Wie gut das Recycling und die Wiederverwertung der unterschiedlichen Müllsorten funktioniert, hängt auch davon ab, wie konsequent Verbraucherinnen und Verbraucher trennen. Sogenannte Fehlwürfe, wie falsch sortierte Gegenstände genannt werden, behindern und verteuern den Recycling-Prozess, denn sie machen eine aufwendige nachträgliche Sortierung nötig. Insgesamt gelingt die Mülltrennung heute allerdings wesentlich besser als noch zu Beginn. Jedes neue System benötigt etwas Zeit, um angenommen zu werden. Was vielen anfangs kompliziert erscheint, ist wenig später selbstverständlich.
Aus Biomüll wird Kompost und Biogas
Seit einigen Jahren sieht der Gesetzgeber vor, dass auch der Abtransport von Biomüll aus Privathaushalten organisiert wird. Denn in Gemüseresten steckt jede Menge Energie. Die biologisch abbaubaren Abfälle werden meist mittels Gärung für die Biogas-Gewinnung oder als Kompost genutzt. Doch es ginge noch besser: Bis zu 70 Prozent des Biomülls landen immer noch in der Restmülltonne und damit zumeist in der Verbrennung.

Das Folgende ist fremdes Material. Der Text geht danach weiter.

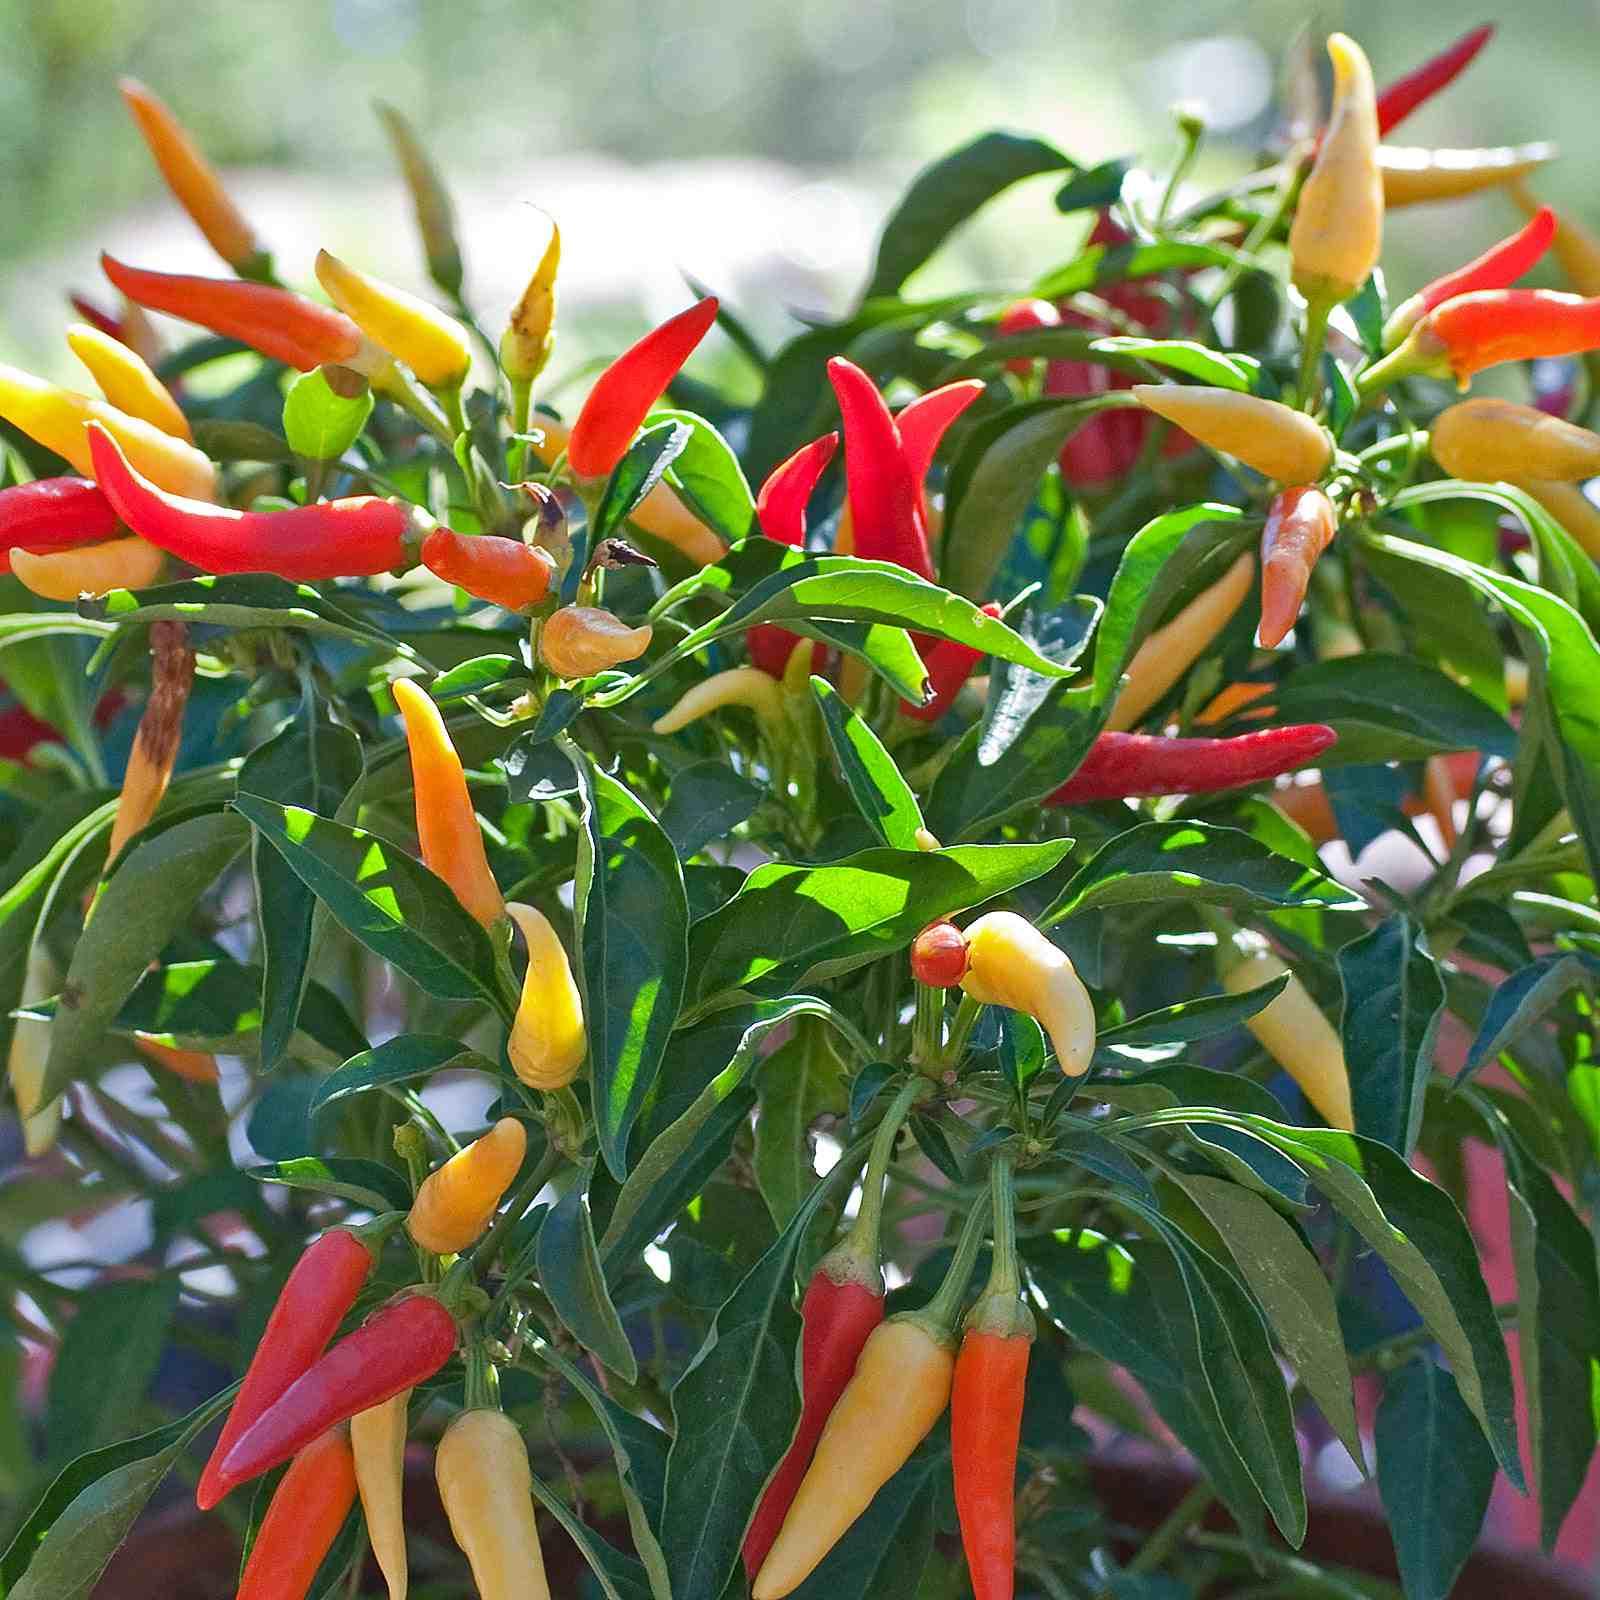 Growing ornamental hot peppers

Mülltrennung und der Kampf um die Recycling-Quote
Ziel neuer Vorschriften ist es, immer mehr Abfälle zu trennen und zu recyceln. Das gelingt nicht überall gleich gut. Während die Recycling-Quote bei Papier und Bioabfall bei fast 100 Prozent liegt (gemessen an den in Privathaushalten getrennt entsorgten Abfällen, Umweltbundesamt), hat Plastik eine deutlich schlechtere Bilanz. Seit der Einführung des Grünen Punktes sorgt die tatsächliche - niedrige - Recycling-Quote immer wieder für Frust: 2015 wurde noch fast die Hälfte, nämlich 45 Prozent des Verpackungsmülls, verbrannt. 2019 lag die Recycling-Quote für Kunststoff-Verpackungen in Deutschland laut NABU bei gut 55 Prozent (gemessen an der Gesamtmenge der in Deutschland verbrauchten Kunststoff-Verpackungen aus Privathaushalten und Gewerbe). Der Rest wird deponiert, exportiert - oder verbrannt.
Ziel der Zukunft: Weniger Müll produzieren
Heute produziert jede Person im Durchschnitt mehr als ein Kilogramm Müll - pro Tag. Immer neue Gesetze schreiben zwar vor, wie der Müll entsorgt beziehungsweise verwertet werden soll. Umweltverbände und Initiativen fordern die Menschen aber dringend auf, weniger Müll zu produzieren - vor allem weniger Plastikmüll. Ein Weg, den einerseits viele bereits beschreiten. Doch auf der anderen Seite befeuern veränderte Konsumgewohnheiten wie Online-Shopping, Fertiggerichte und To-go-Produkte den weiteren Anstieg von Verpackungsmüll-Mengen. Alleine davon waren es im Jahr 2019 rund 72 Kilogramm pro Kopf in Deutschland - die Tendenz dürfte steigend sein.
Vieles hat sich seit den 1960ern geändert. Die Müllmenge ist rasant gewachsen. Parallel dazu sind aus reinen Wegwerf-Produkten im Laufe der vergangenen Jahrzehnte Wertstoff-Quellen geworden. Was bleibt ist, dass das Überleben unserer Ökosysteme eng damit verbunden ist, wie die Menschheit das Kapitel ihrer Müll-Geschichte weiter schreibt.